**Work order**
Quote the listing in full, exactly as given, minus any pictures.

**Data block**

☆ ☆ ☆

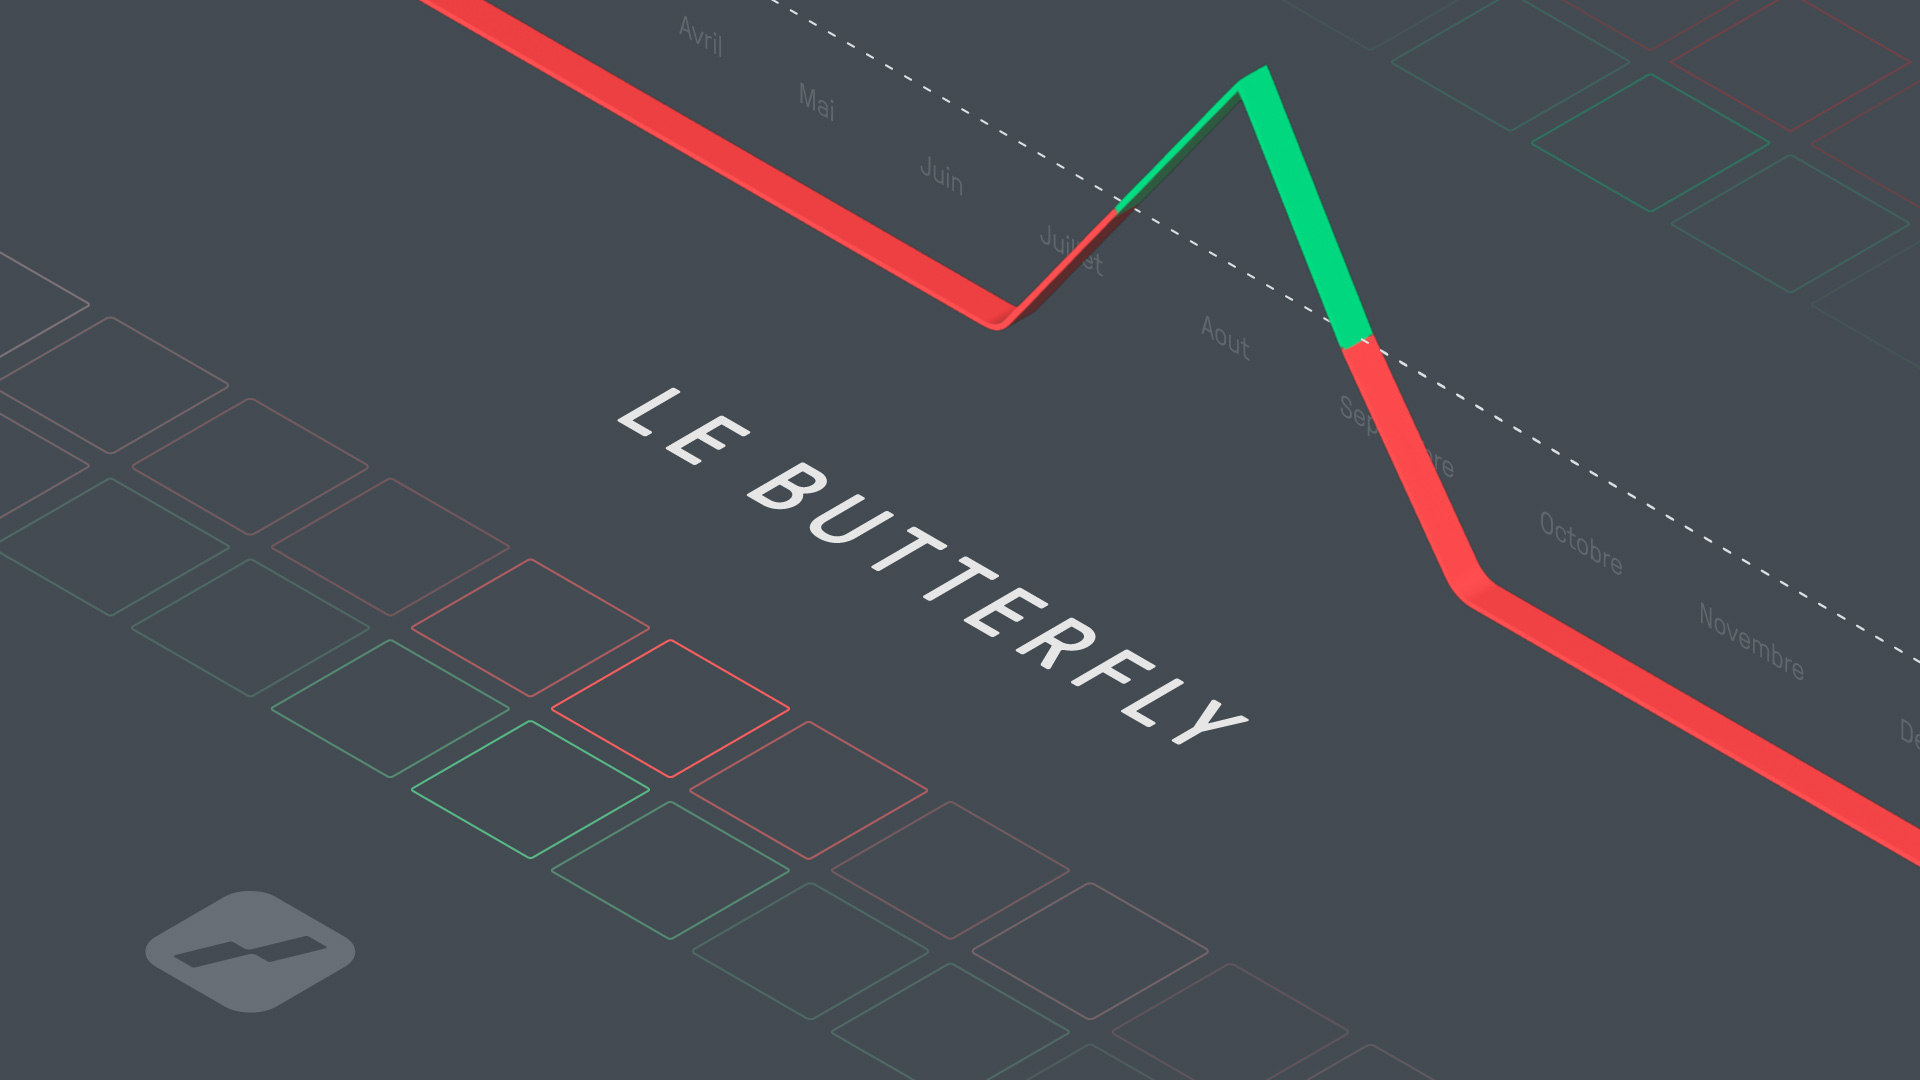 butterfly option - butterfly option strategy - featured image
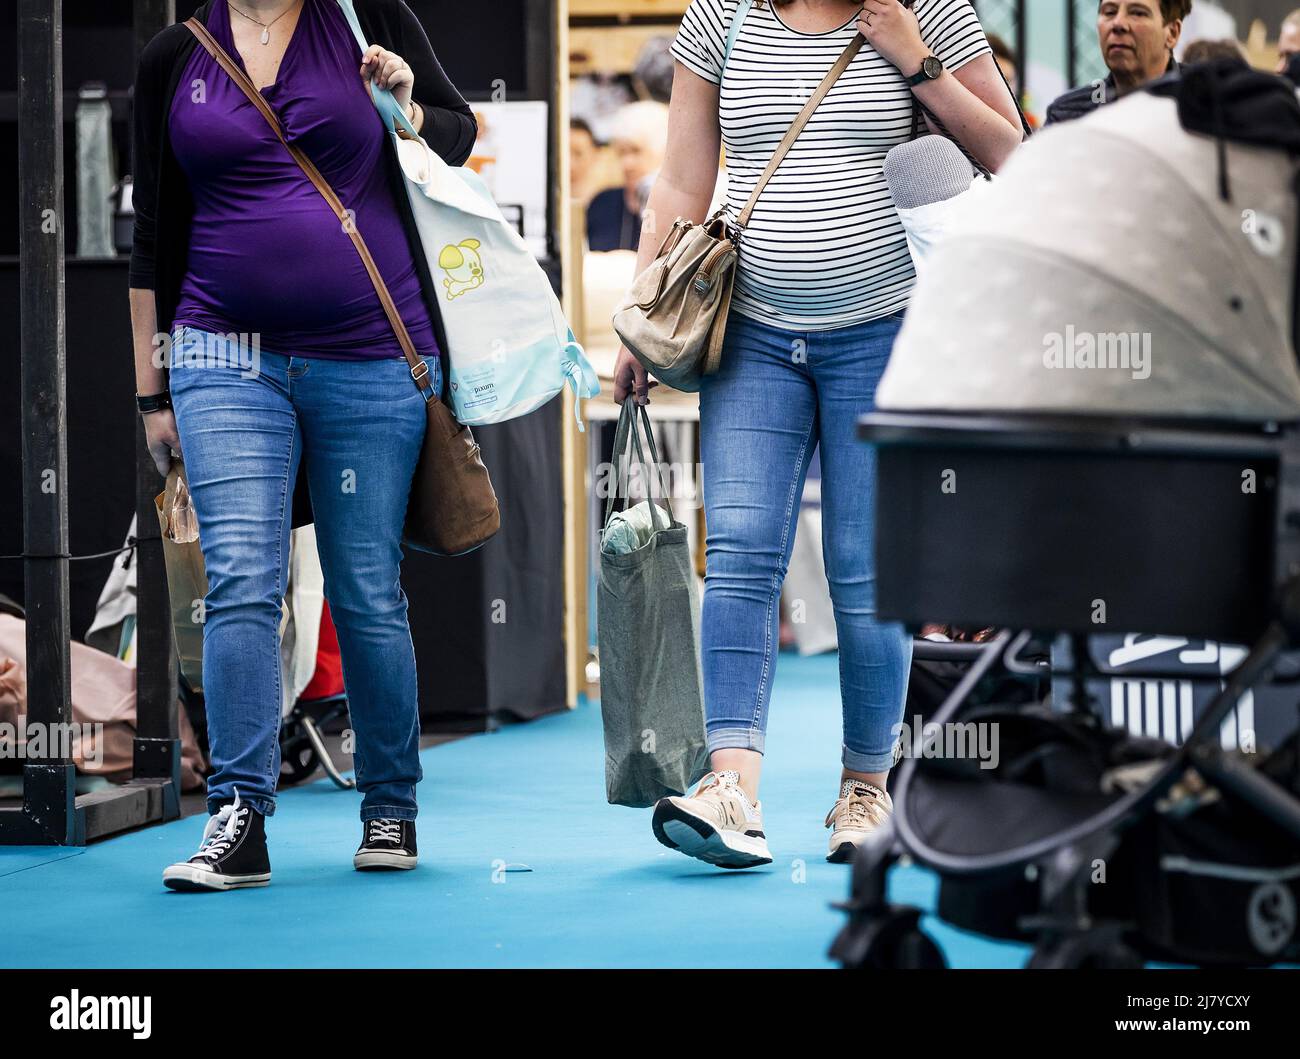 2022-05-11 16:14:11 AMSTERDAM - Visitors on the first day of the Nine Months Fair in the RAI. It is the first time since the outbreak of the corona pandemic that the fair on pregnancy and babies is taking place again. REMKO DE WAAL netherlands out - belgium out Stock Photo
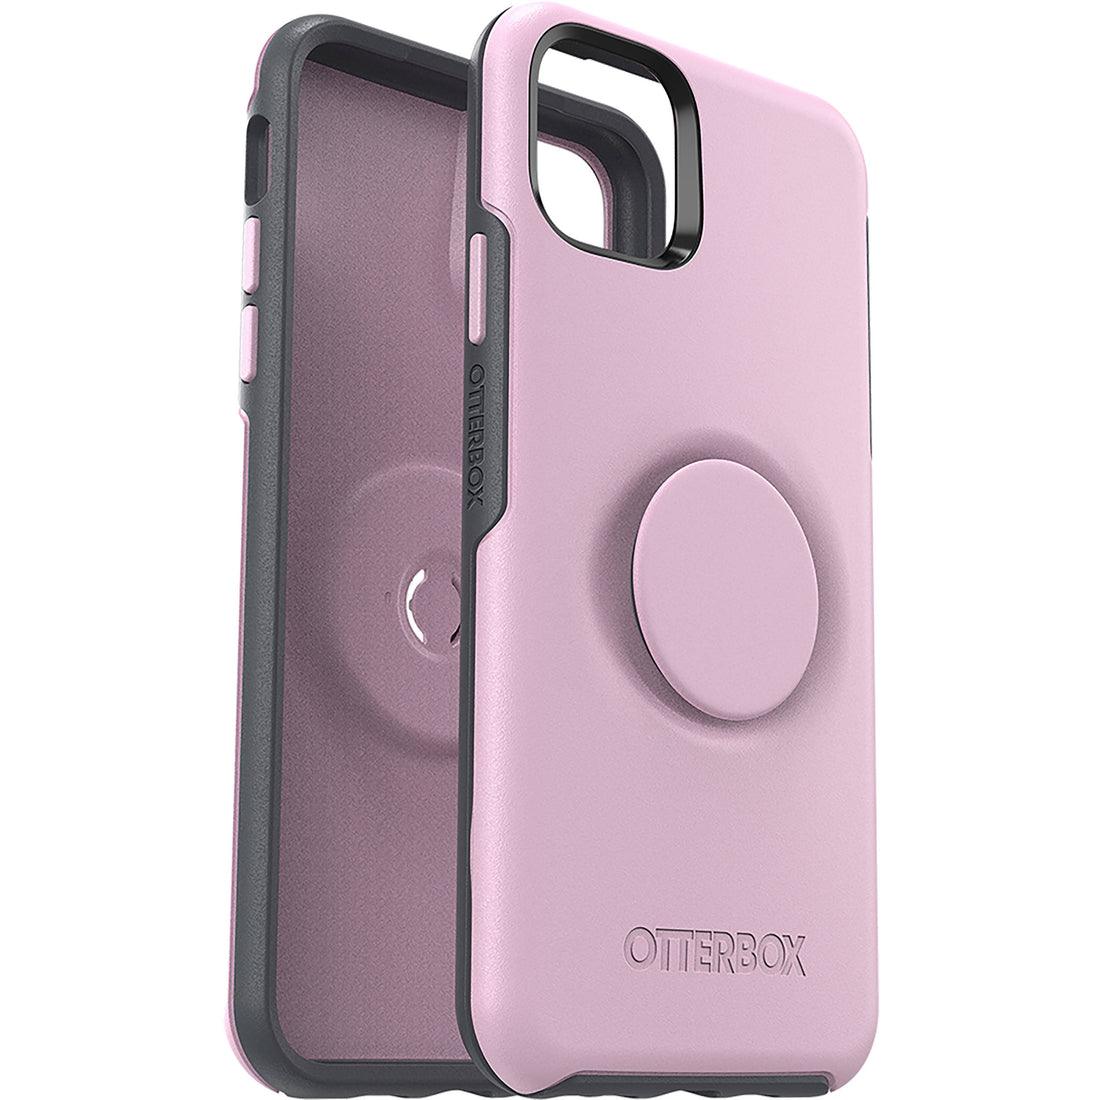 OtterBox + POP Case for Apple iPhone 11 Pro Max - Mauveolous (Certified Refurbished)

☆ ☆ ☆

**Exercise answer**
 butterfly option - butterfly option strategy - featured image
 2022-05-11 16:14:11 AMSTERDAM - Visitors on the first day of the Nine Months Fair in the RAI. It is the first time since the outbreak of the corona pandemic that the fair on pregnancy and babies is taking place again. REMKO DE WAAL netherlands out - belgium out Stock Photo
 OtterBox + POP Case for Apple iPhone 11 Pro Max - Mauveolous (Certified Refurbished)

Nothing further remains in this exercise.